### Exercise prompt
The listing is to be transcribed in full, with its images left out.
+++ Recorded information +++
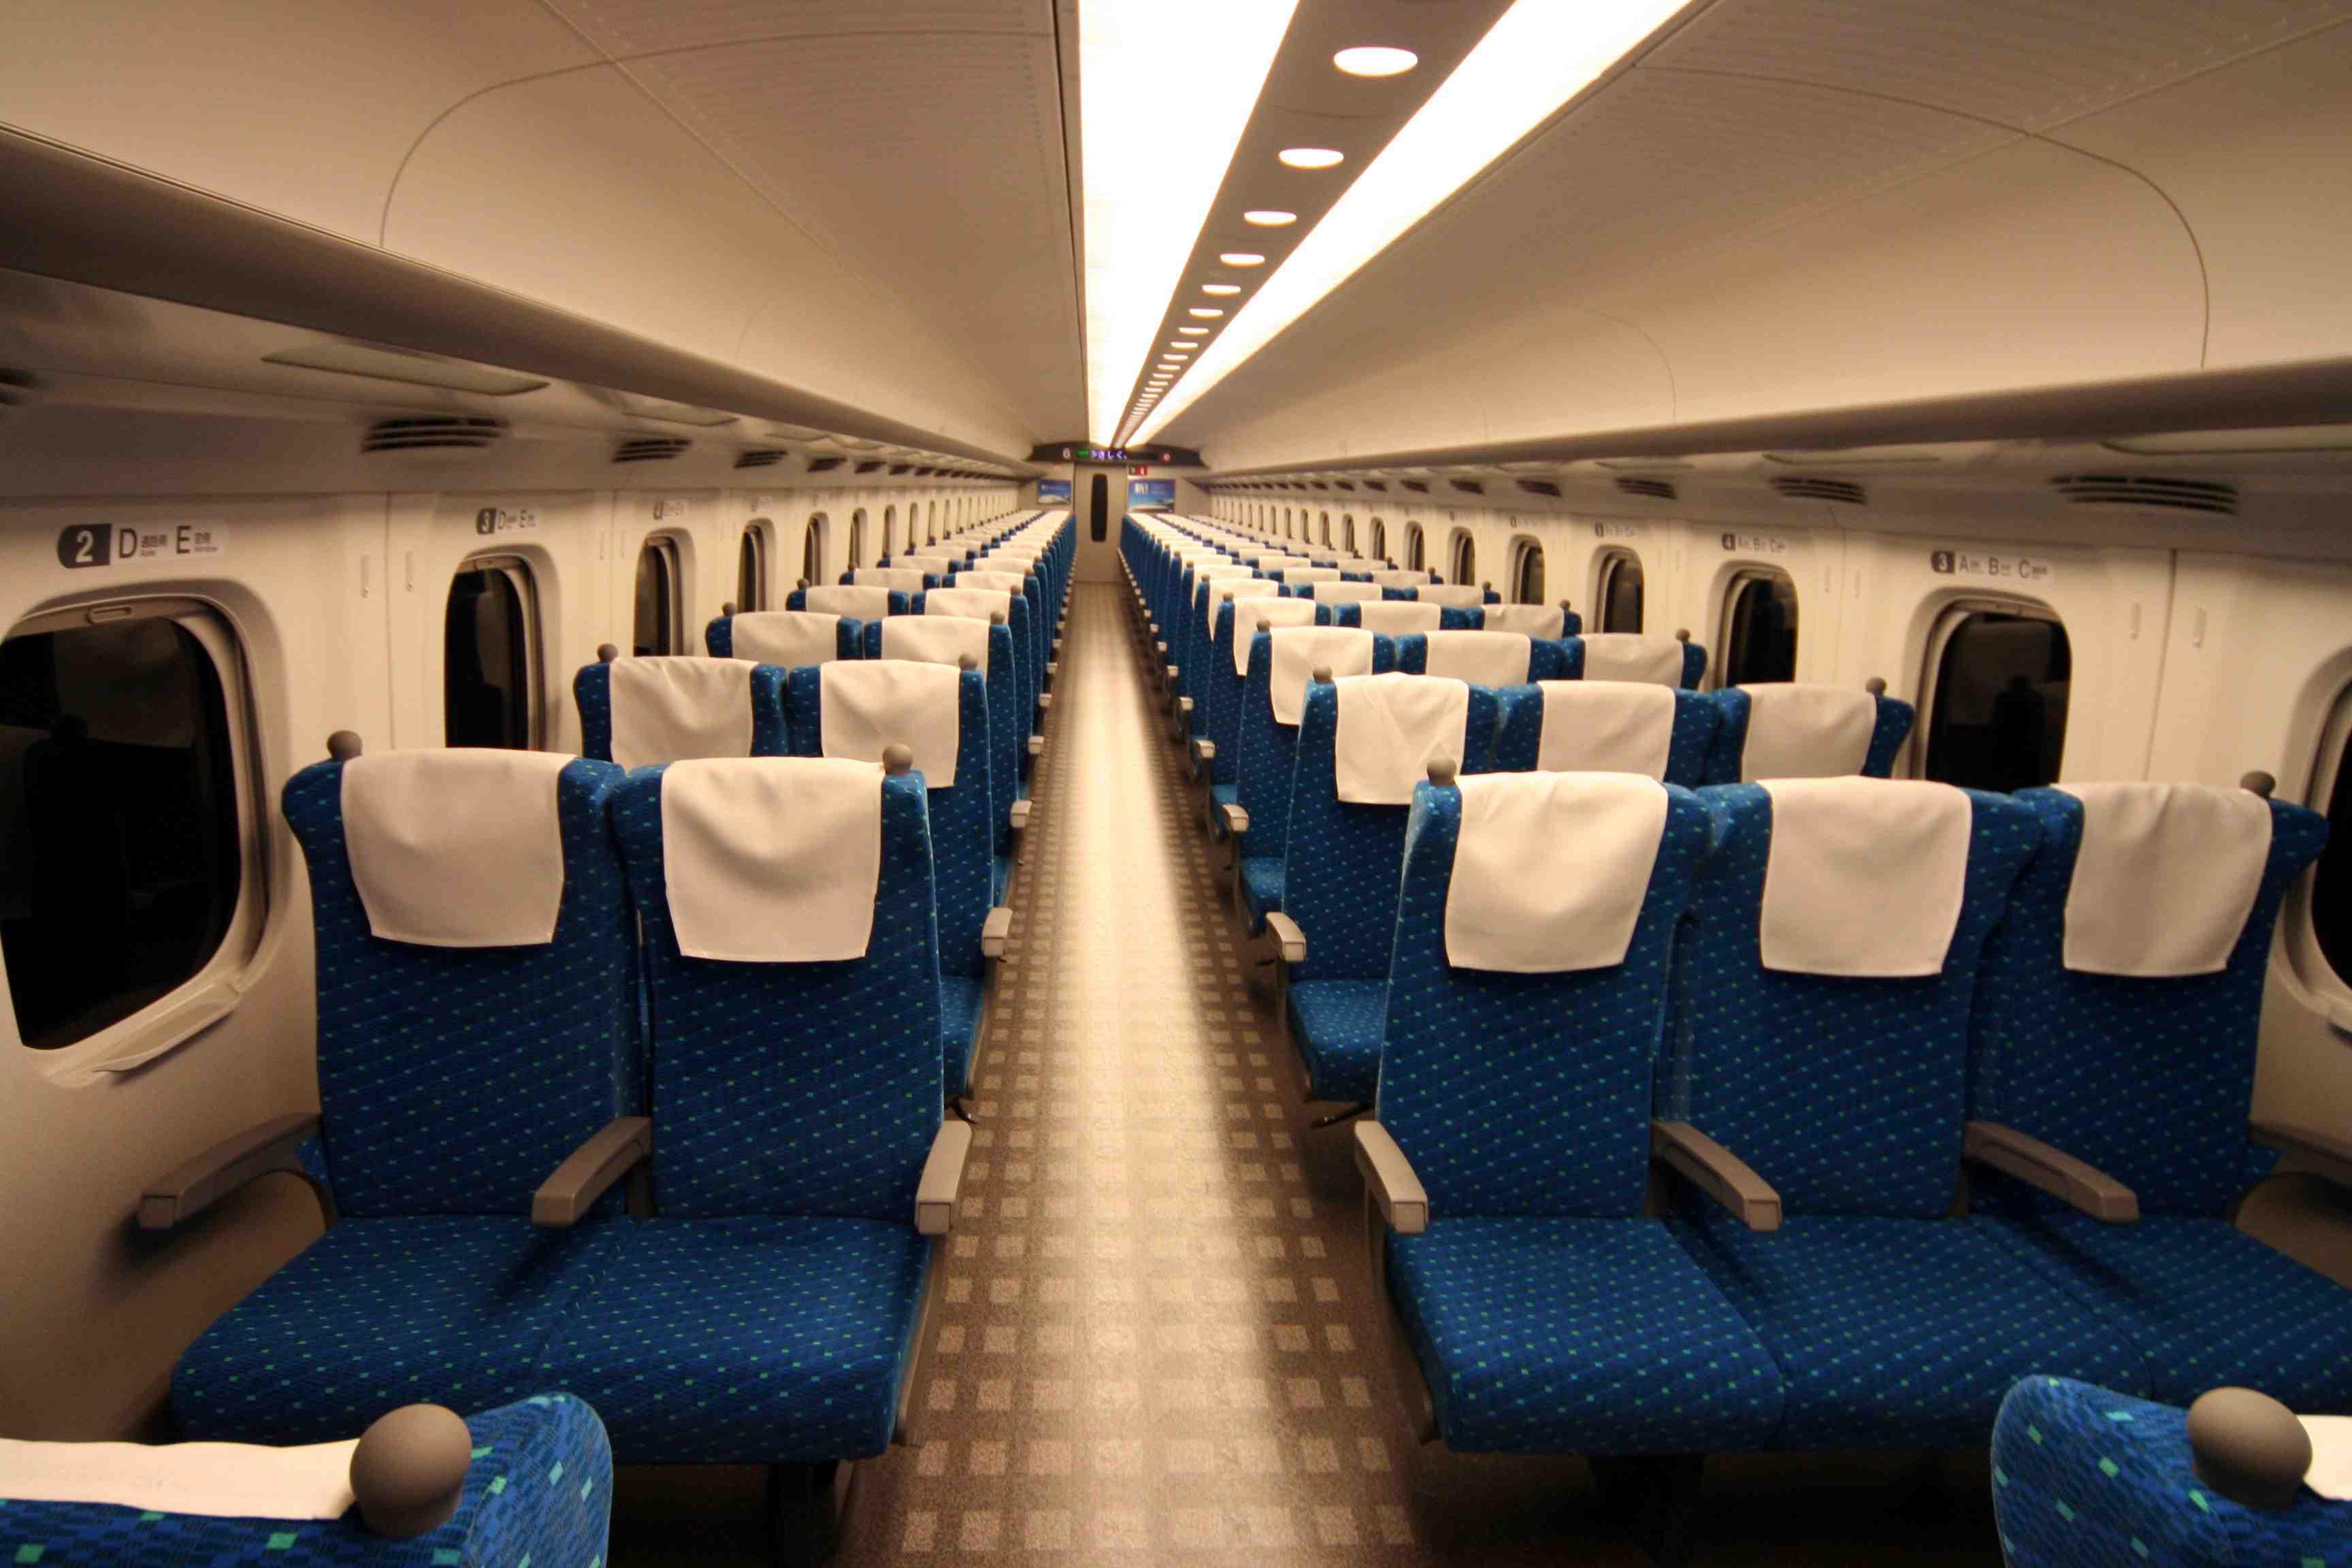 「新幹線 座席」の画像検索結果
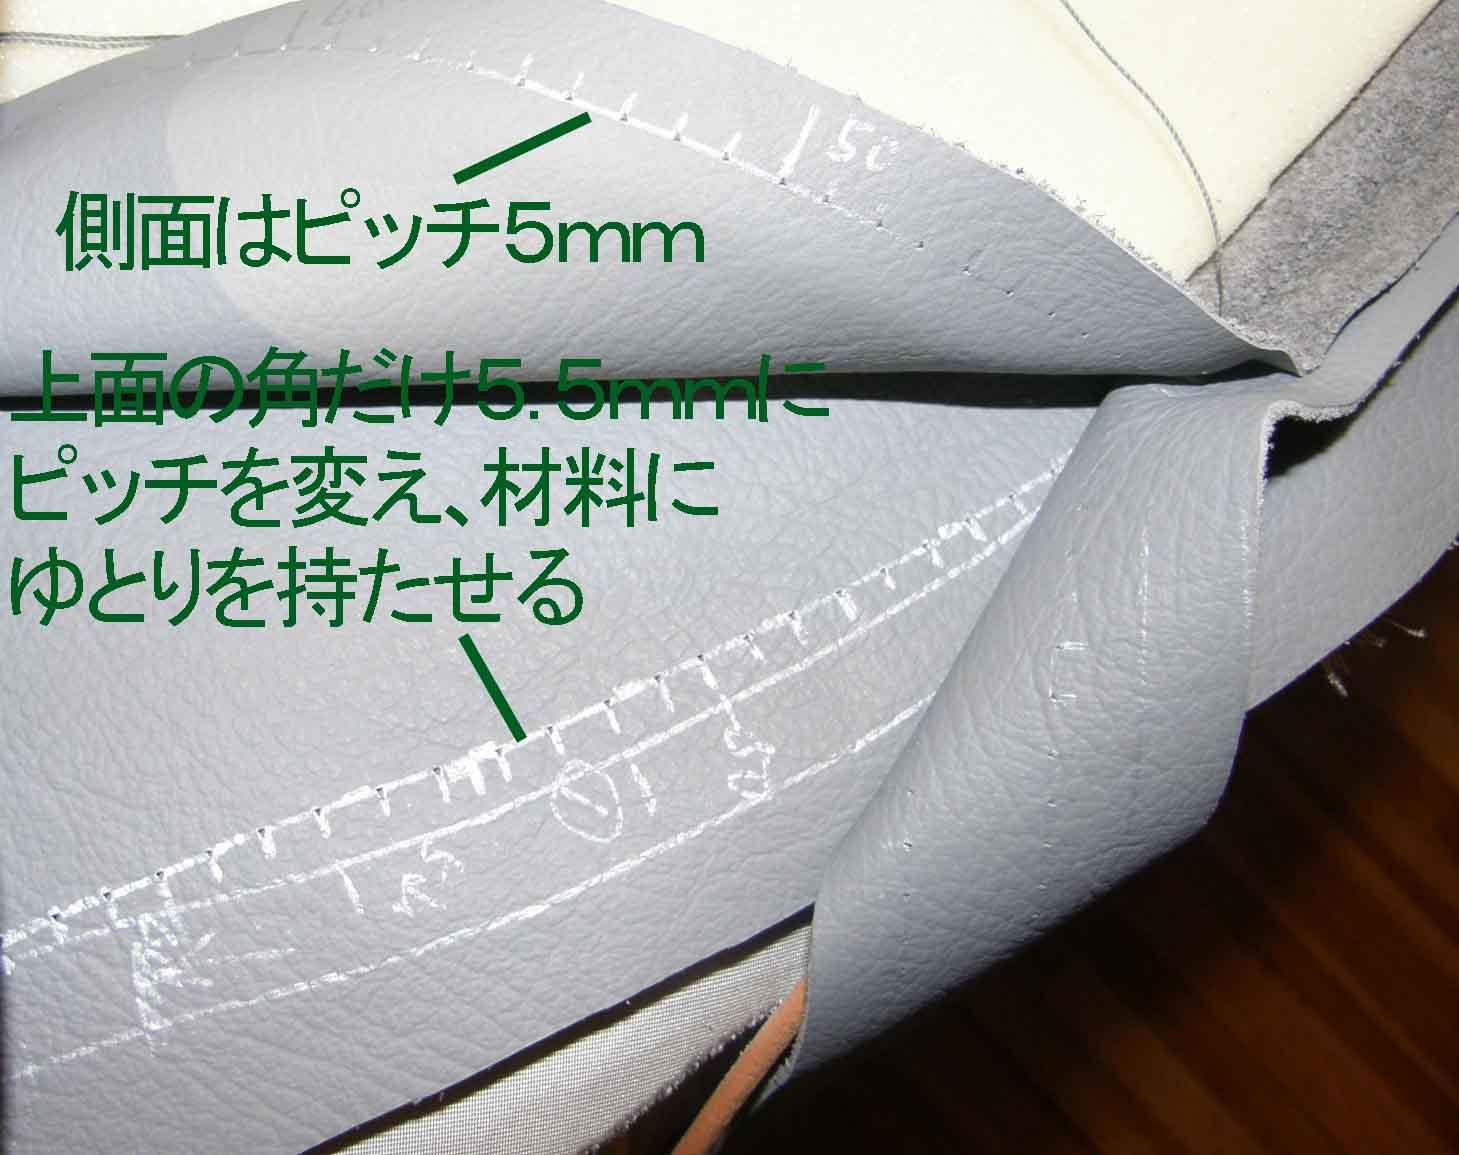 P1070241のコピー.jpg
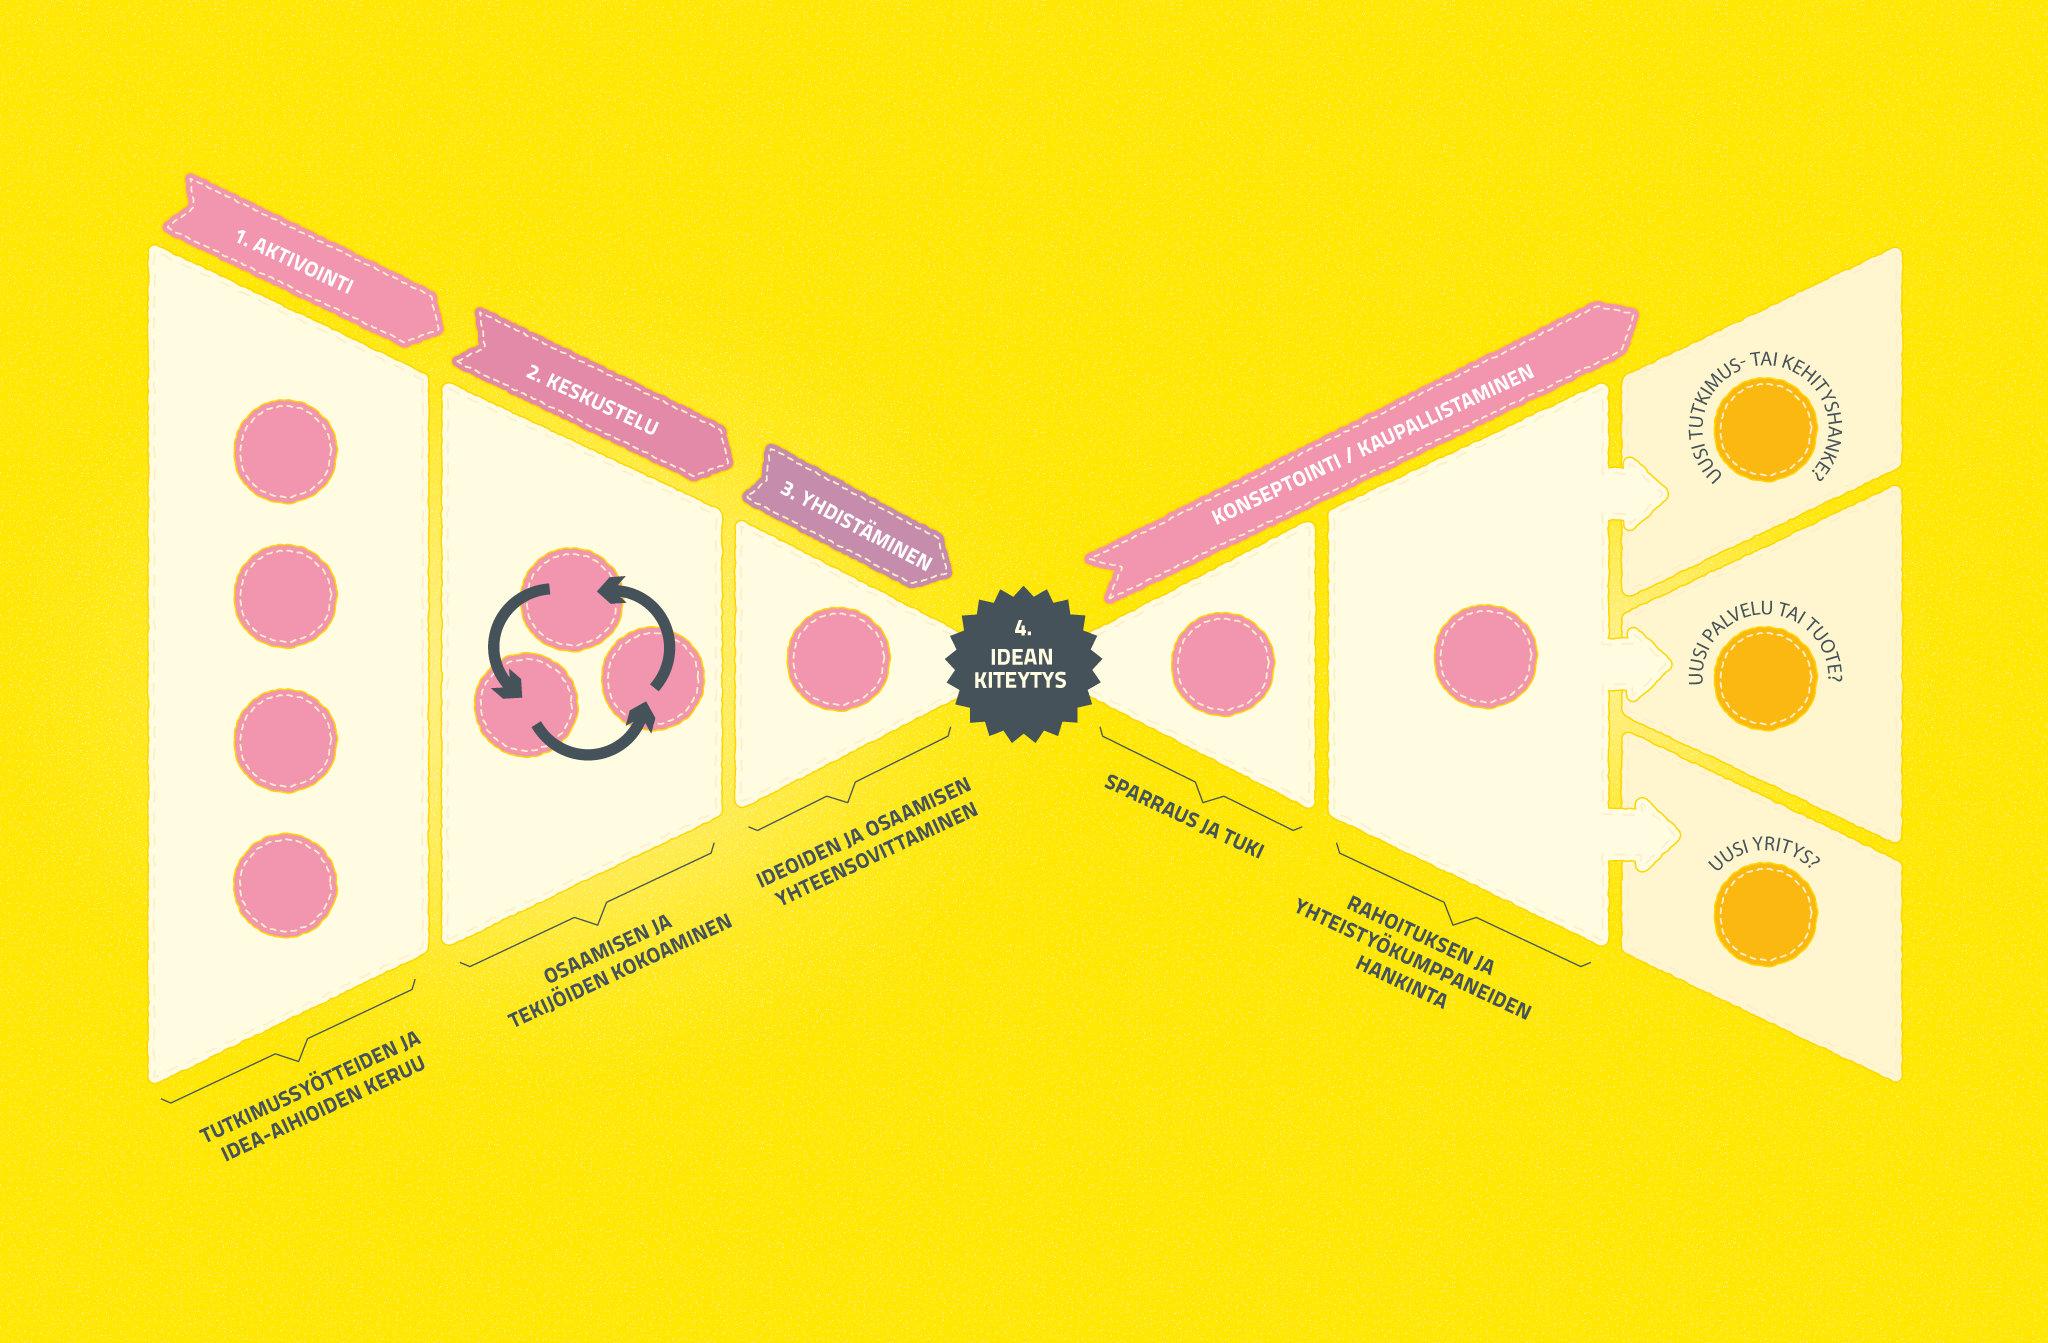 Kaupallistamissuppilon visualisointi. Tämä kaavio taisi olla alunperin Mikko Markkasen idea, josta tehtiin sitten visuaalisesti paremmin BA:n tyyliin sopiva versio.
+++
### Reply
 「新幹線 座席」の画像検索結果
 P1070241のコピー.jpg
 Kaupallistamissuppilon visualisointi. Tämä kaavio taisi olla alunperin Mikko Markkasen idea, josta tehtiin sitten visuaalisesti paremmin BA:n tyyliin sopiva versio.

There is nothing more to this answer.